BRIEF: Restate the full listing word for word; images stay out of it.

SUPPLIED INFORMATION:
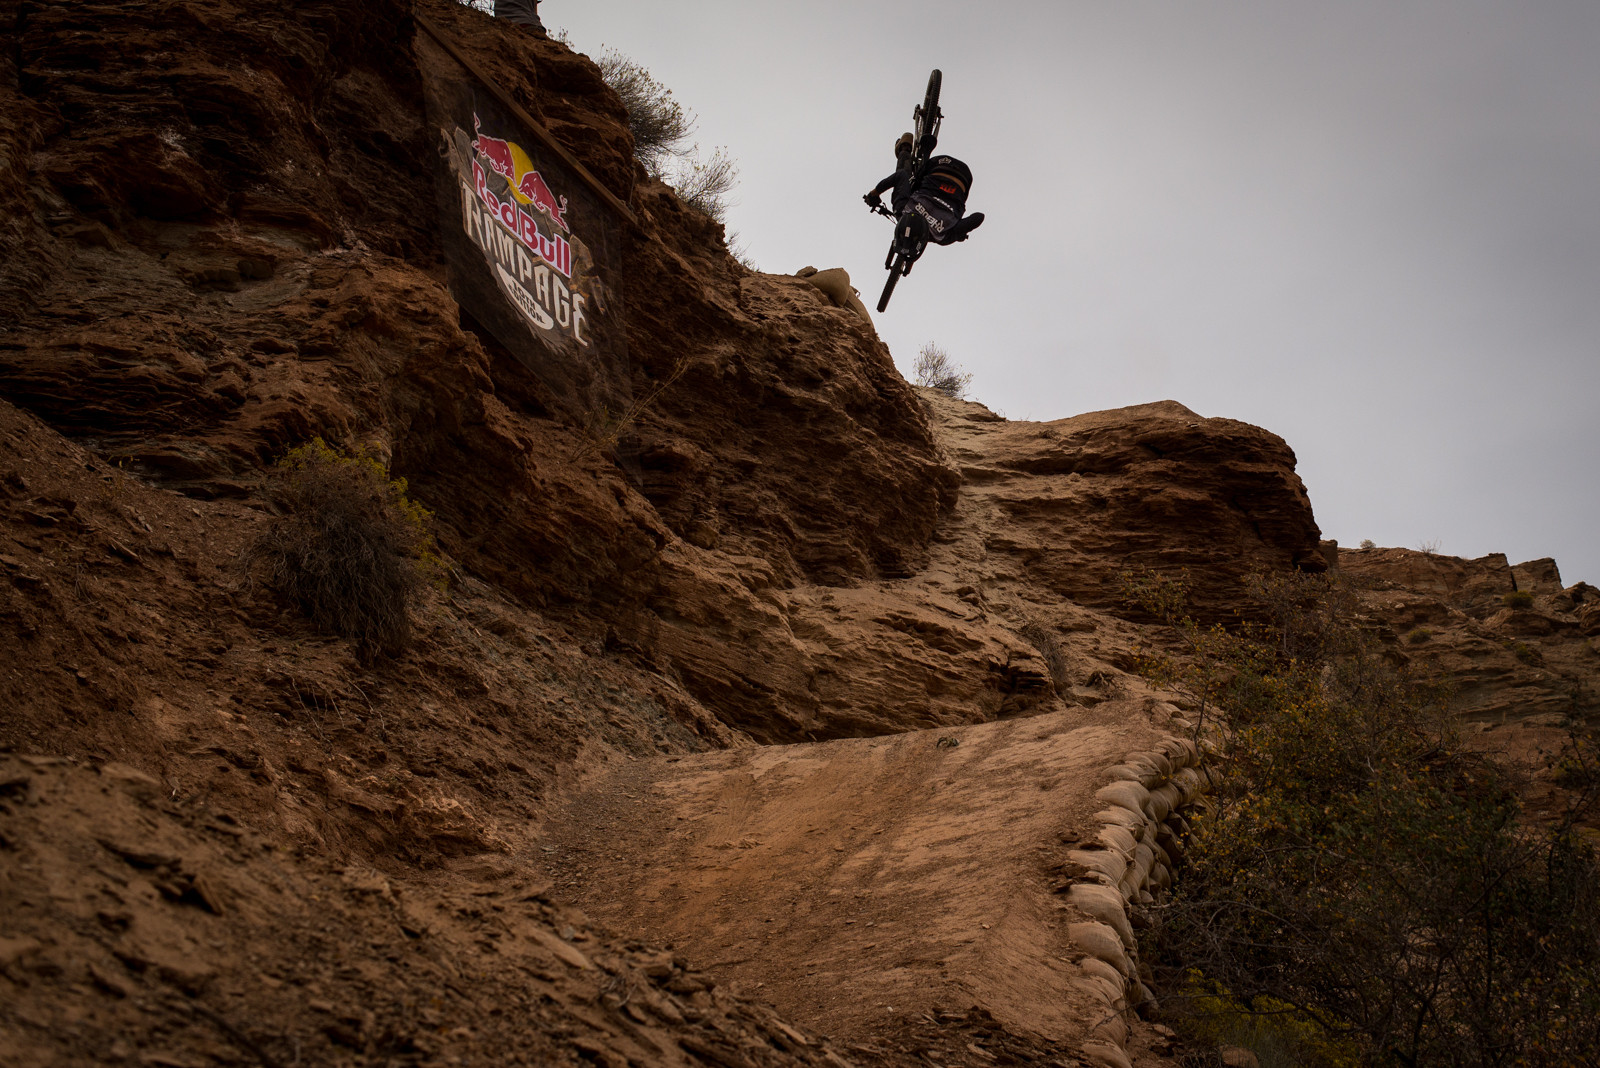 Brett Rheeder - 2015 Red Bull Rampage Finals - Mountain Biking Pictures - Vital MTB
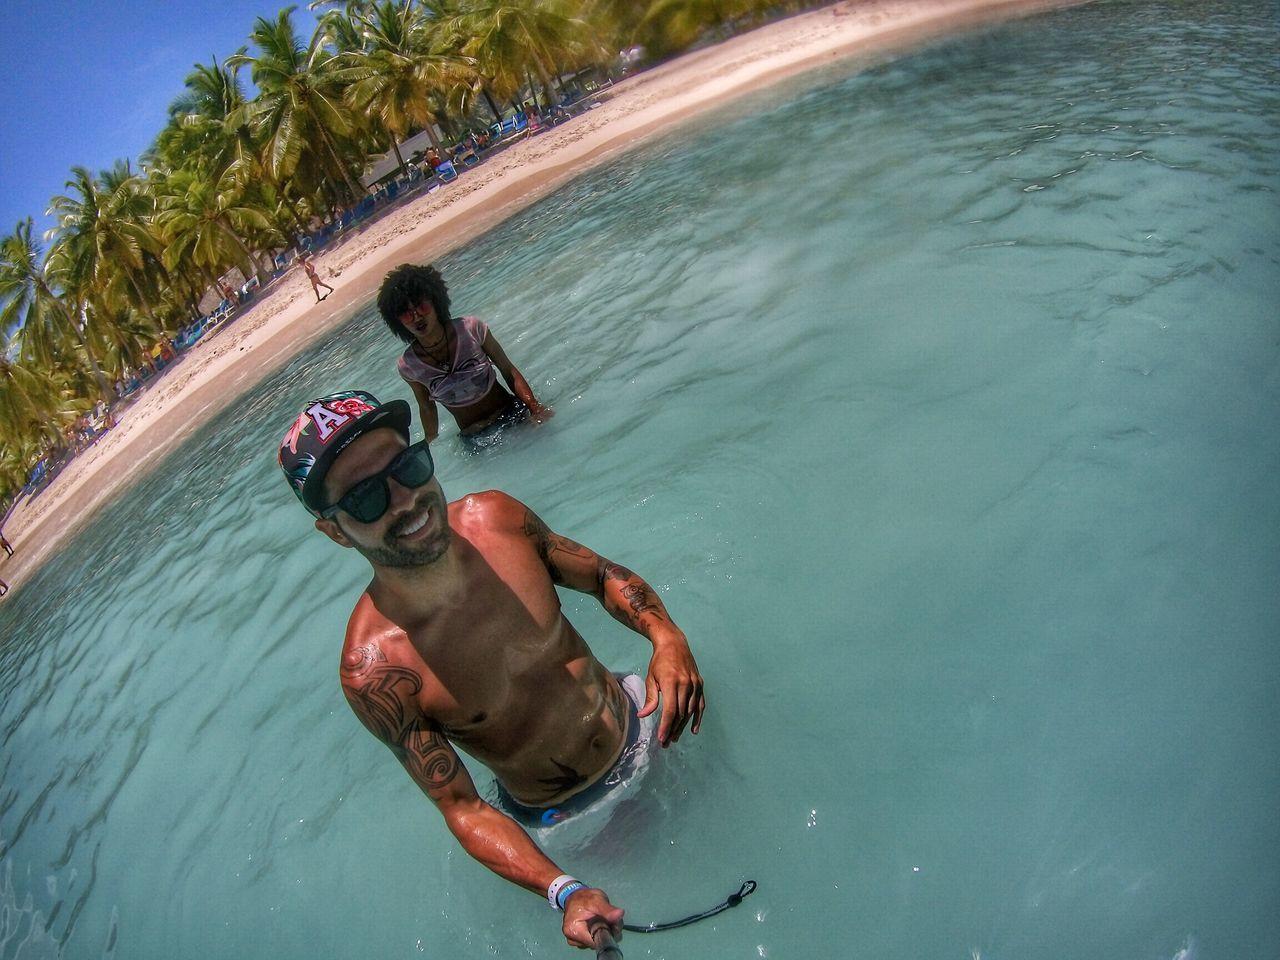 Islasaona Republicadominicana Dominicanrepublic Puntacana Mamajuana Beach Paraíso Paradise
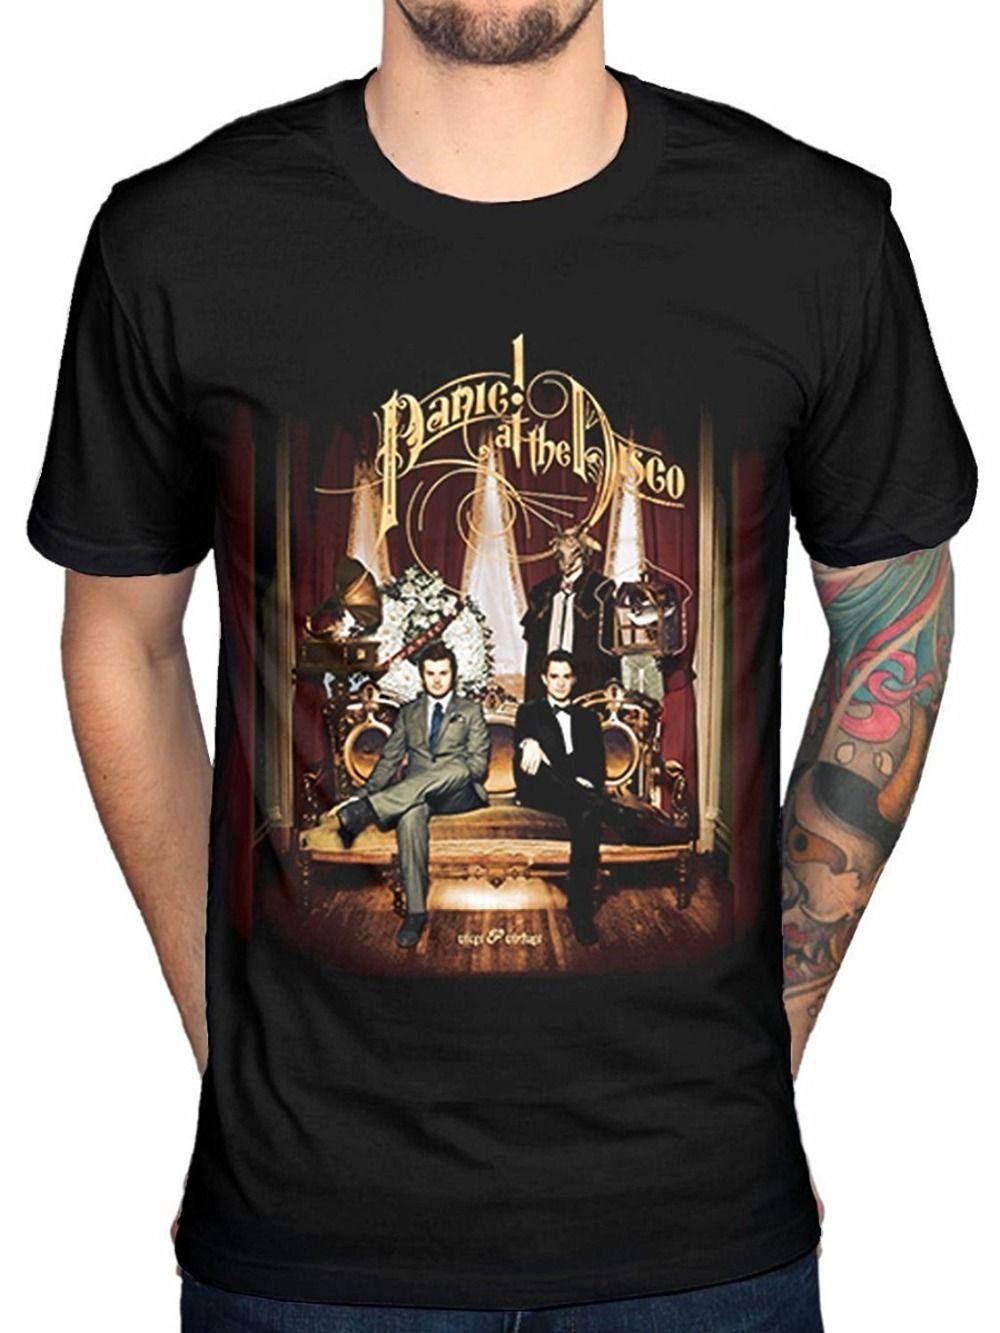 d657bde7b Printed Shirts Men's Short Panic At The Disco Men's Black Cotton T-Shirt  Top Tee Crew Neck Best Friend Shirts
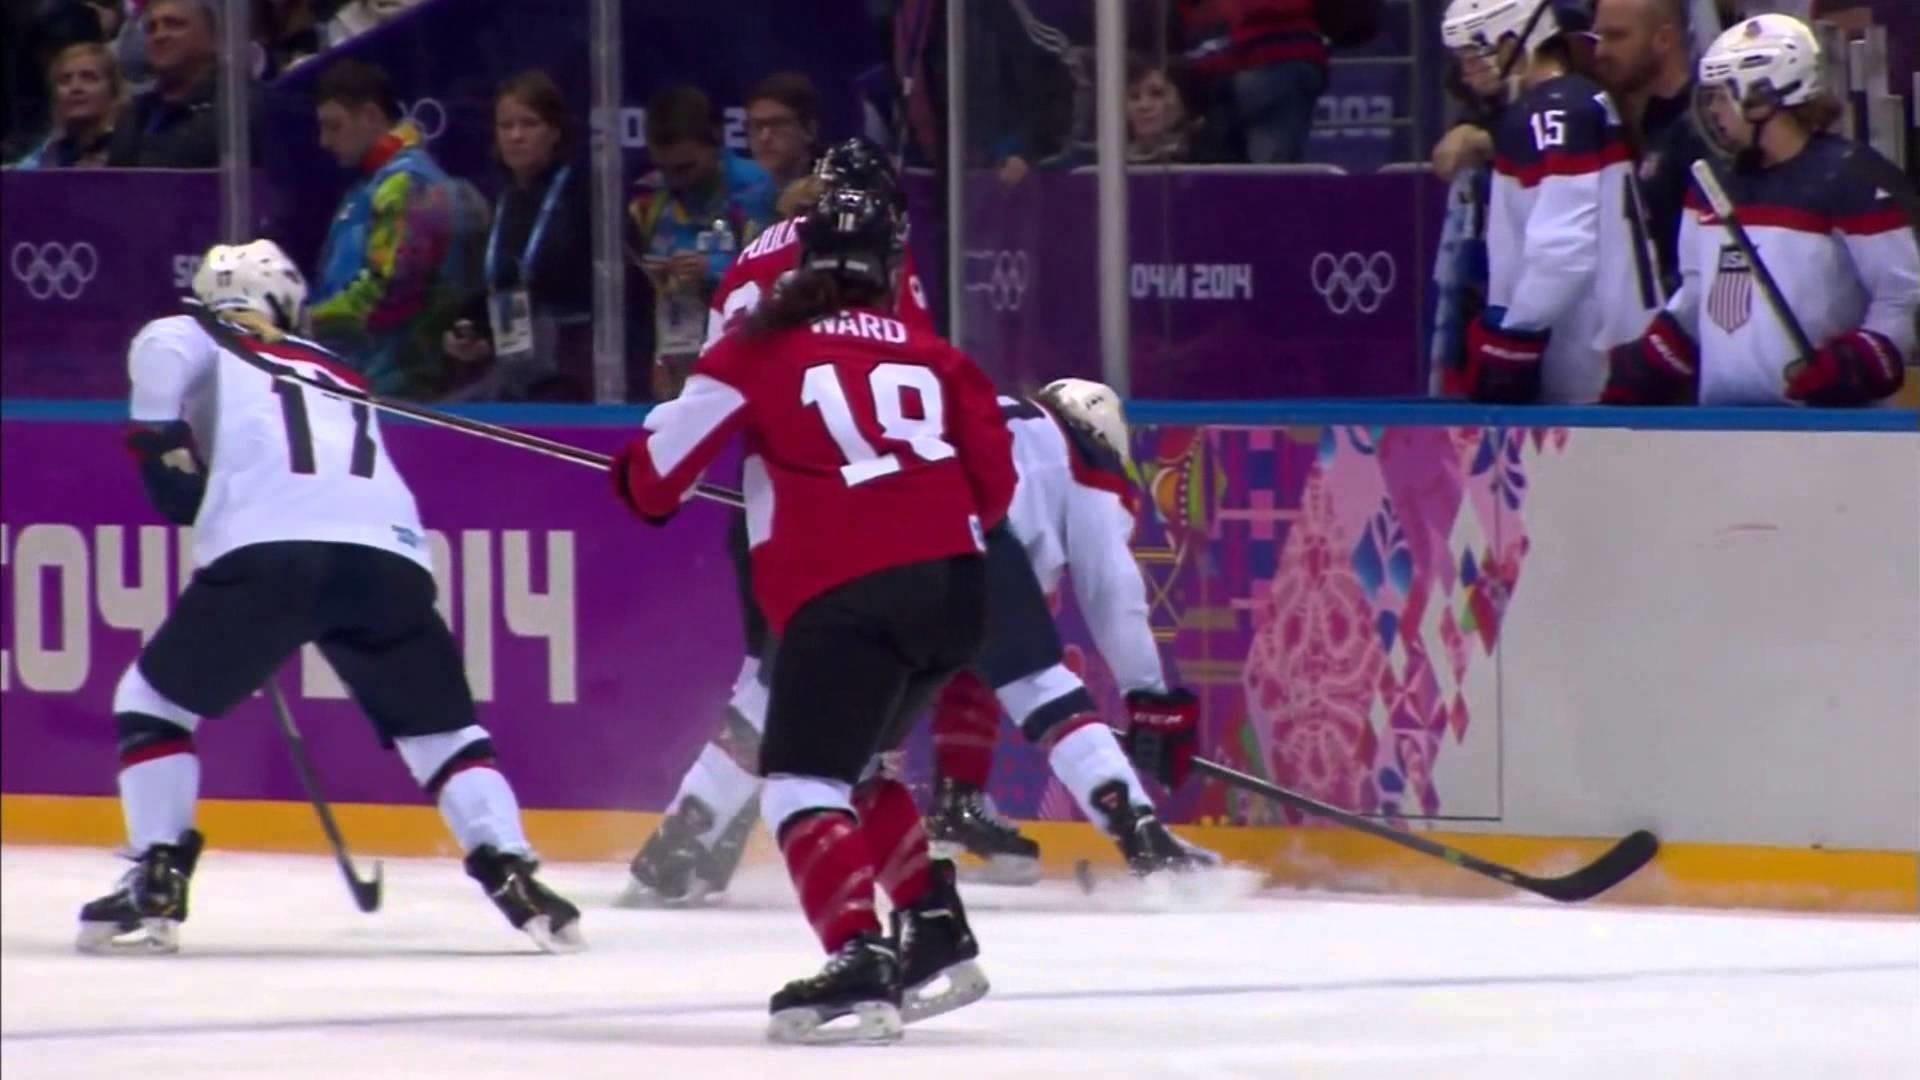 Res: 1920x1080, USA women's hockey

ANSWER TO THIS TASK:
 Brett Rheeder - 2015 Red Bull Rampage Finals - Mountain Biking Pictures - Vital MTB
 Islasaona Republicadominicana Dominicanrepublic Puntacana Mamajuana Beach Paraíso Paradise
 d657bde7b Printed Shirts Men's Short Panic At The Disco Men's Black Cotton T-Shirt  Top Tee Crew Neck Best Friend Shirts
 Res: 1920x1080, USA women's hockey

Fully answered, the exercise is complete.